■ YOUR GOAL ■
Emit the data below verbatim, stripping out any pictures.

■ DATA EXTRACT ■
[Start of Attachment]
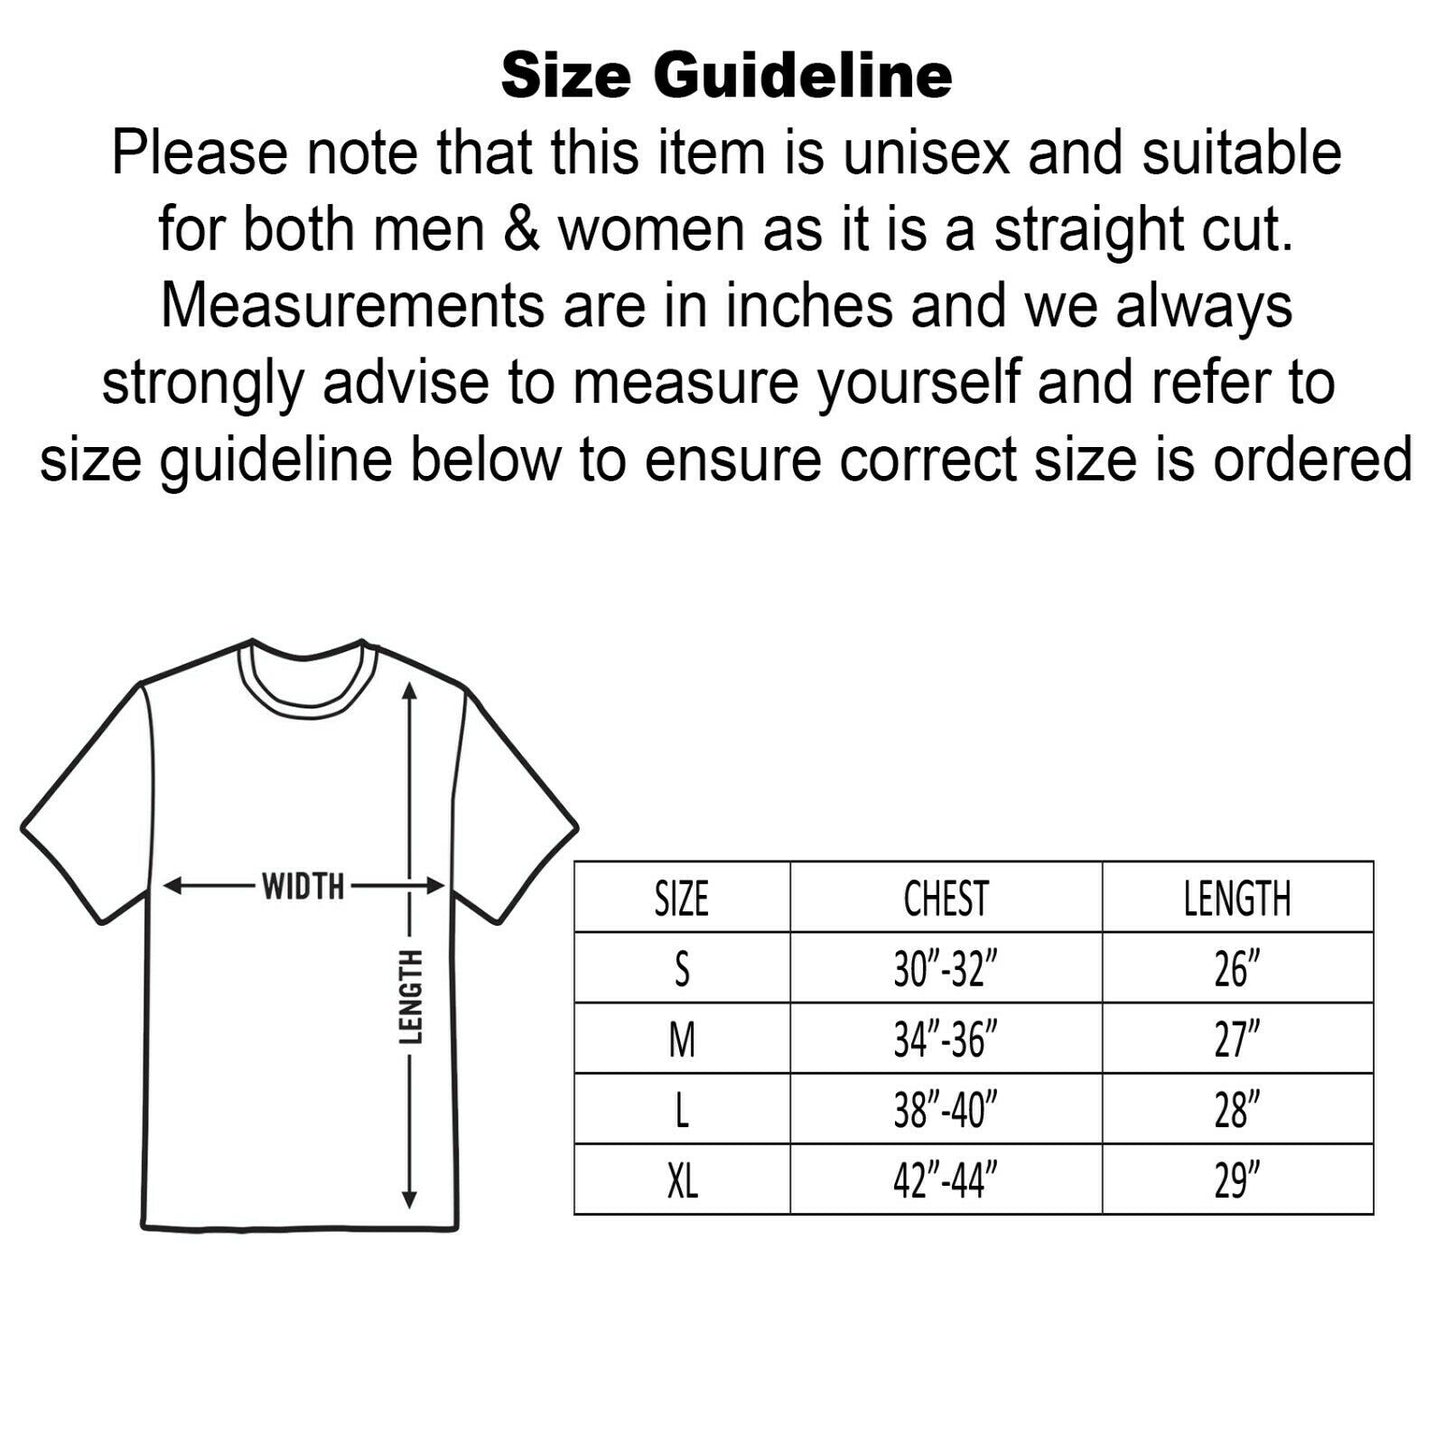 Unisex Tupac 2pac 3/4 Sleeve Baseball T-Shirt
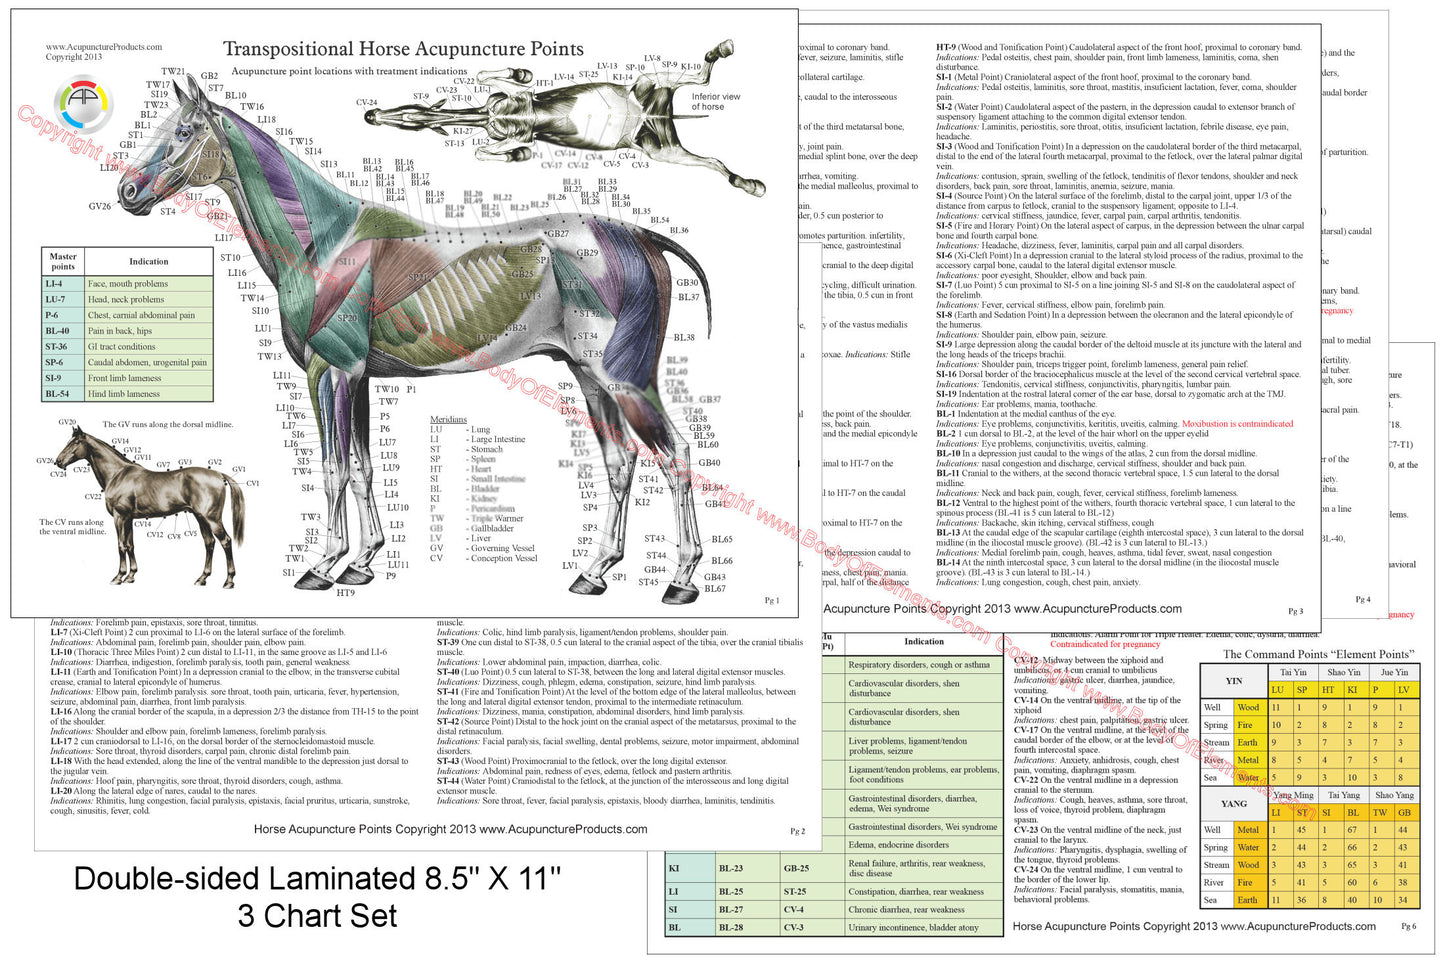 Horse acupuncture points chart set
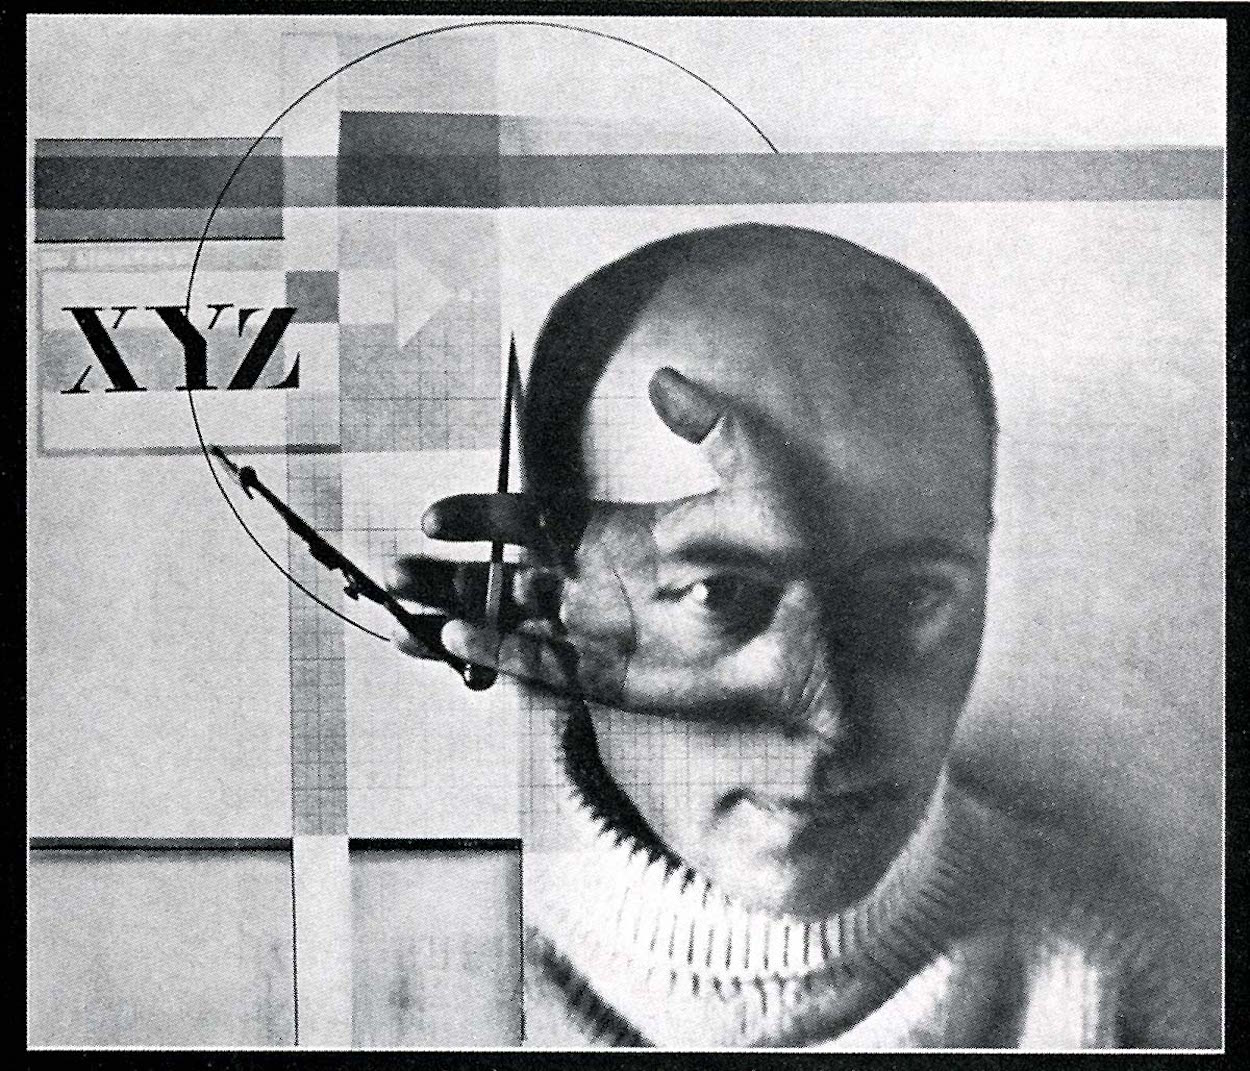 El Lissitzky - 23. November 1890 - 30. Dezember 1941
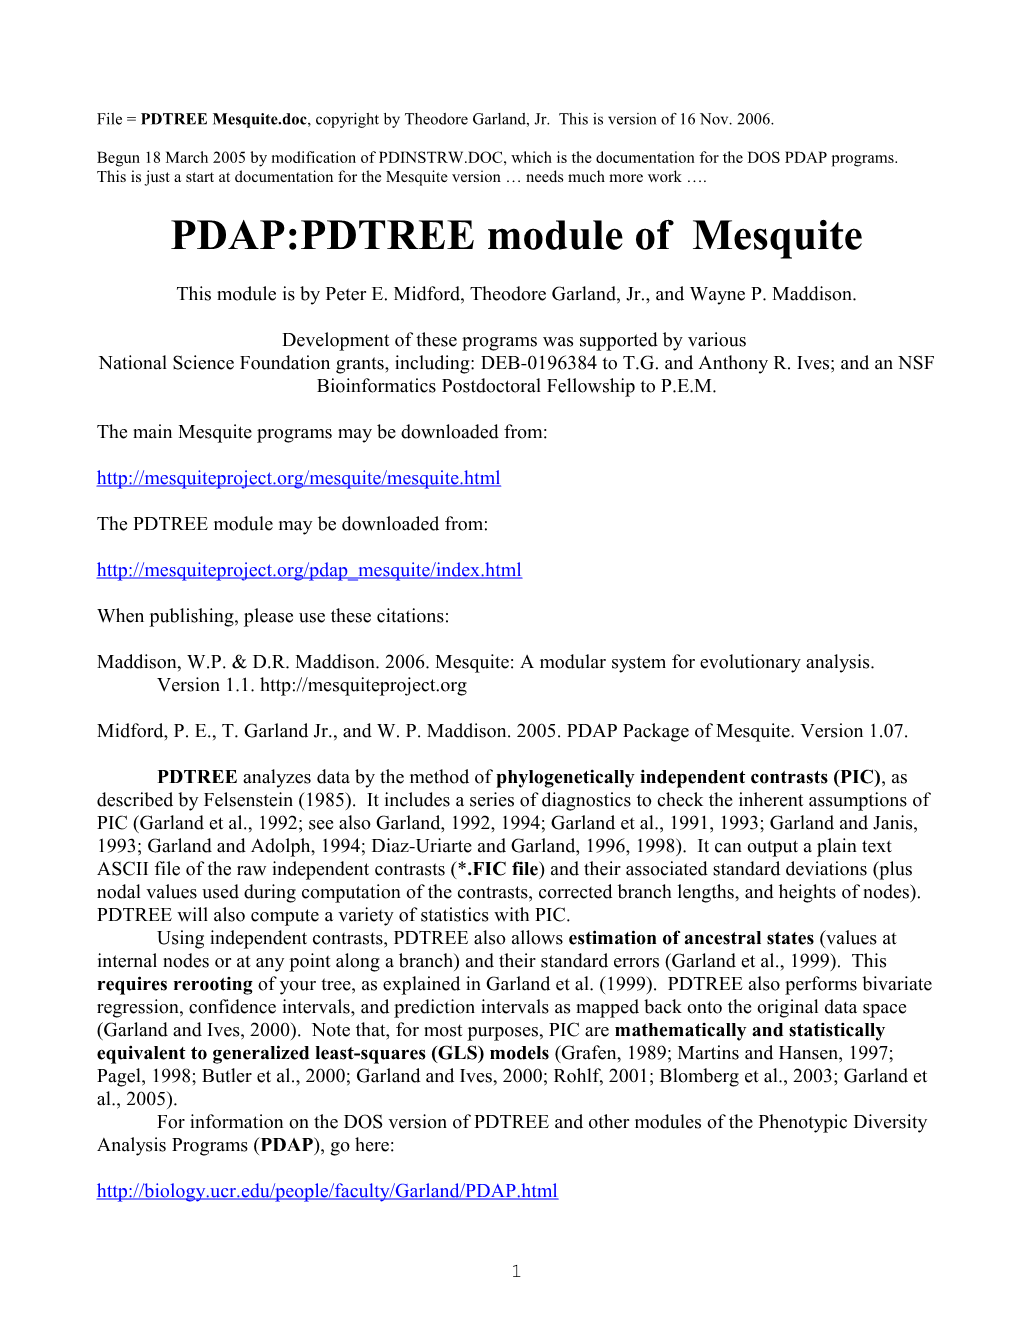 PDAP:PDTREE Module of Mesquite
[End of Attachment]
■ RESULT OF THIS TASK ■
 Unisex Tupac 2pac 3/4 Sleeve Baseball T-Shirt
 Horse acupuncture points chart set
 El Lissitzky - 23. November 1890 - 30. Dezember 1941
 PDAP:PDTREE Module of Mesquite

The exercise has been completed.